Lithuanian Filmmaker Killed in Ukraine’s Mariupol  

Lithuanian filmmaker Mantas Kvedaravicius, 45, was killed trying to flee Ukraine’s city of Mariupol besieged by the Russians, the Ukrainian military said Sunday.   

“While trying to leave #Mariupol, the occupiers killed Lithuanian director Mantas Kvedaravicius, who is the author of the documentary Mariupolis,” the defense ministry’s information agency wrote on Twitter.   

Russian filmmaker Vitali Manski, who founded Artdocfest, a film festival in Moscow that had previously invited Kvedaravicius, also announced the death.   

Kvedaravicius “was killed today in Mariupol, camera in hand” in this “shitty war of evil against the whole world,” Manski wrote on Facebook.   

Lithuania’s Foreign Ministry said it was “shocked” by the news of Kvedaravicius’ death in Mariupol “where he was documenting #Russia’s war atrocities. His previous film “Mariupolis” (2016) told the story of a besieged city with a strong will to live,” it added.   
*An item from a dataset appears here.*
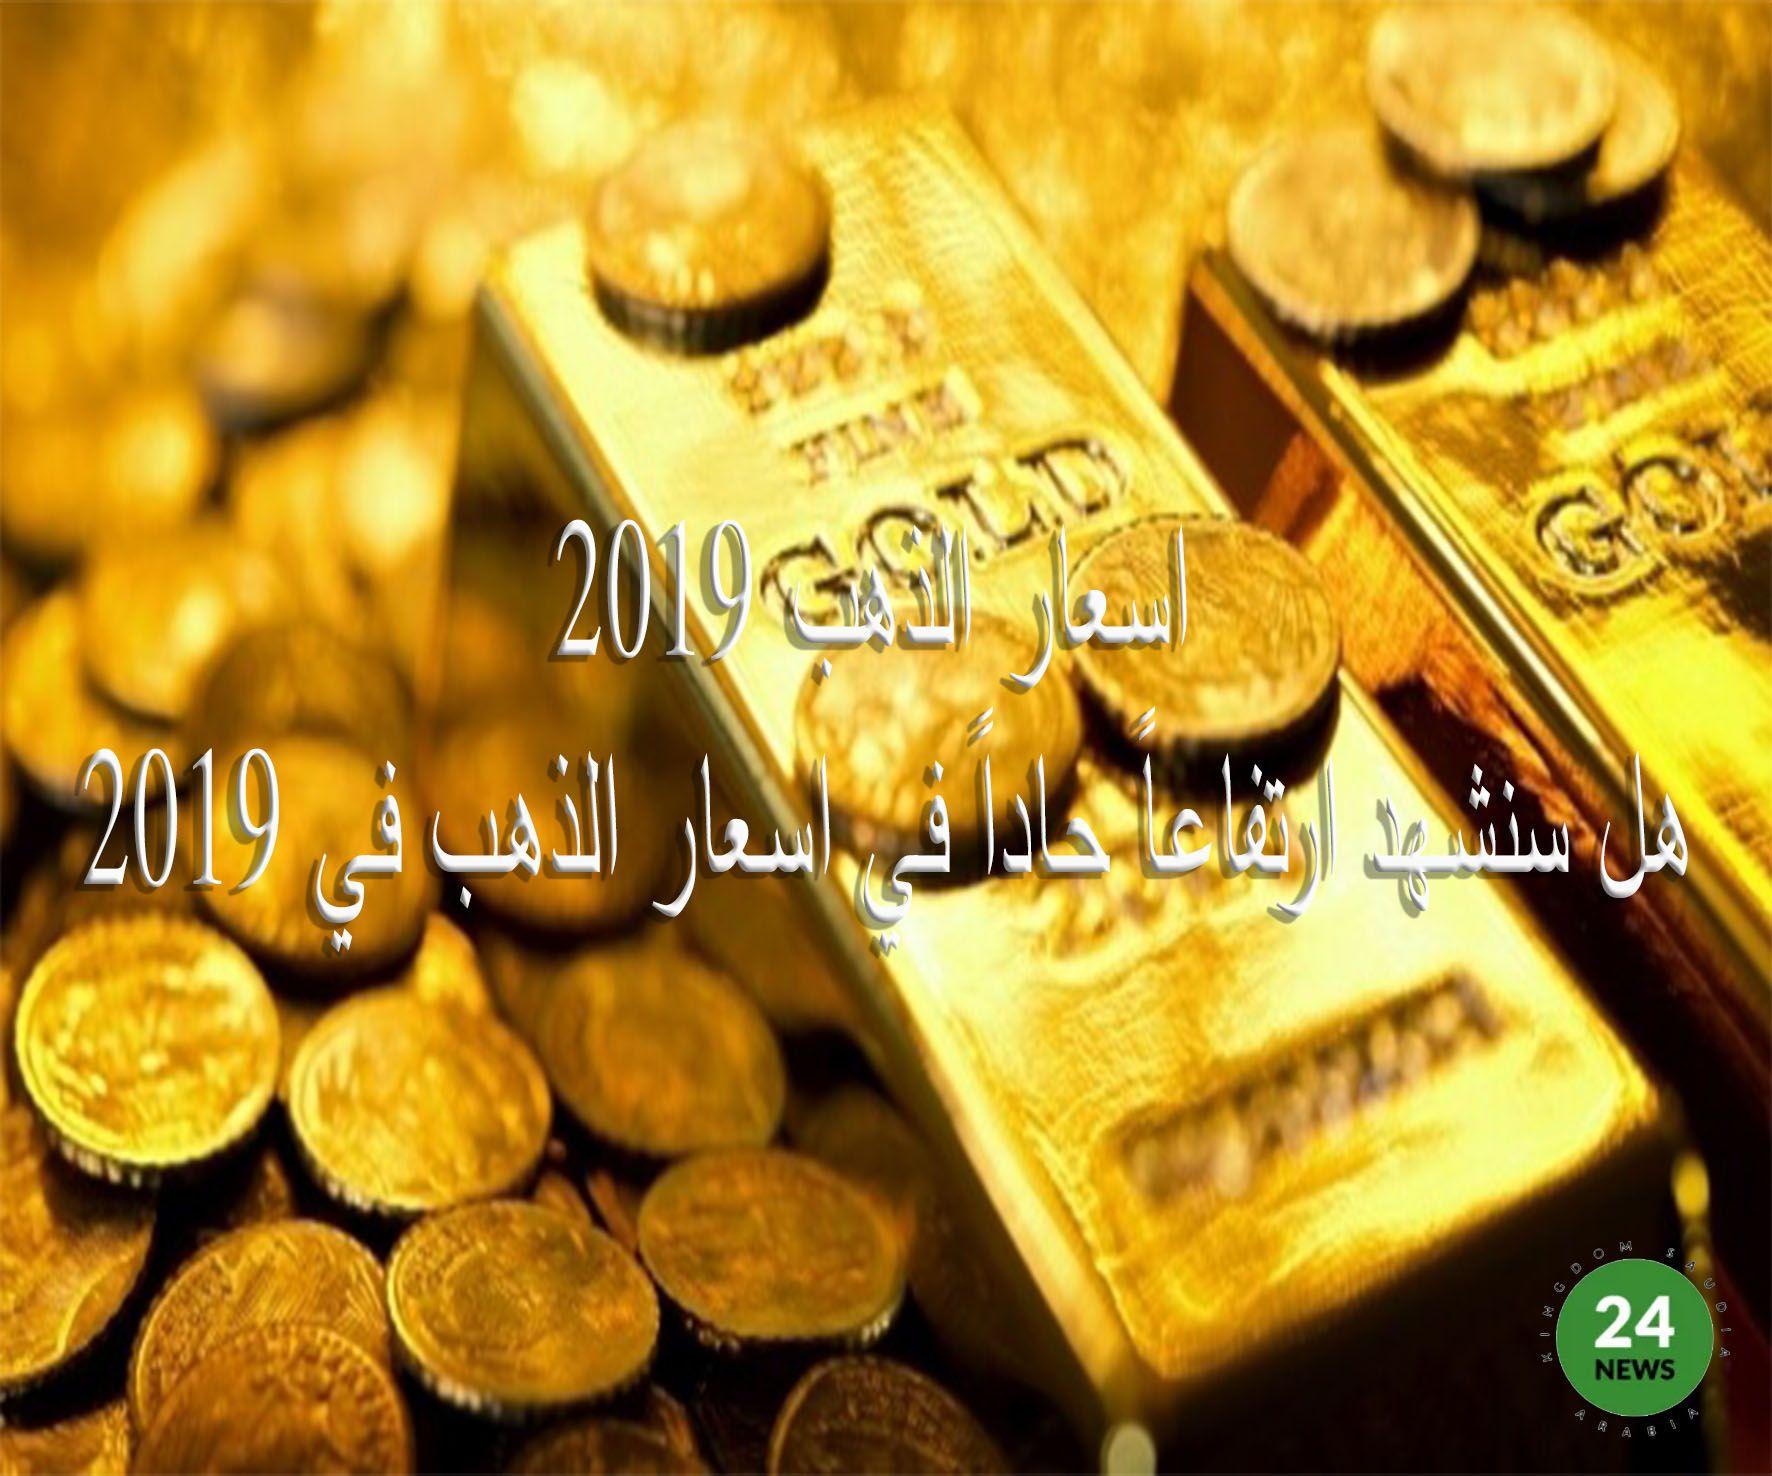 اسعار الذهب 2019 هل سنشهد ارتفاعا حادا في اسعار الذهب في 2019 Trading Forex
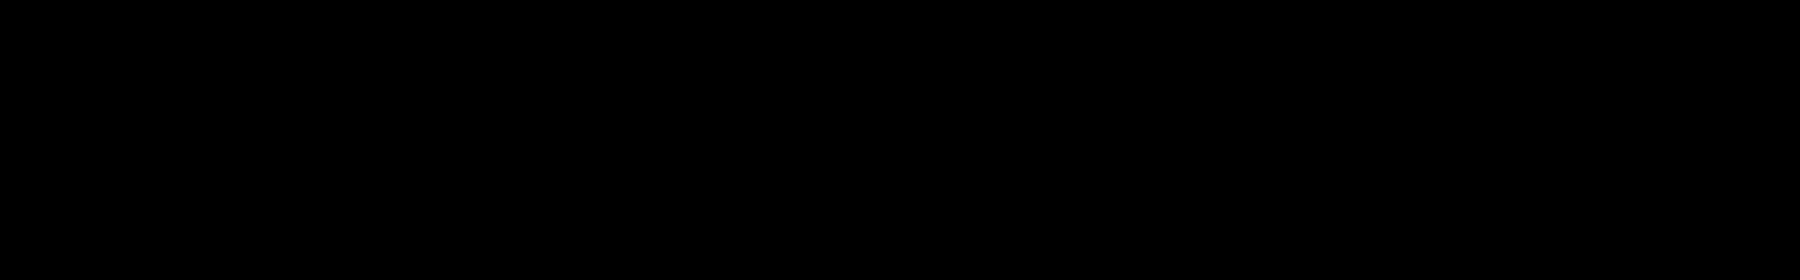 REWIND audio waveform

Born in 1976, Kvedaravicius made his name with the documentary “Mariupolis,” filmed in the Ukrainian city and which premiered at the Berlin International Film Festival in 2016.   

Ukrainian resistance in Mariupol has hampered Russian efforts to consolidate its hold on southern and eastern areas of Ukraine since invading on February 24.   

At least 5,000 residents have been killed in the southern port city, according to Ukrainian officials, while the estimated 160,000 who remain face shortages of food, water and electricity.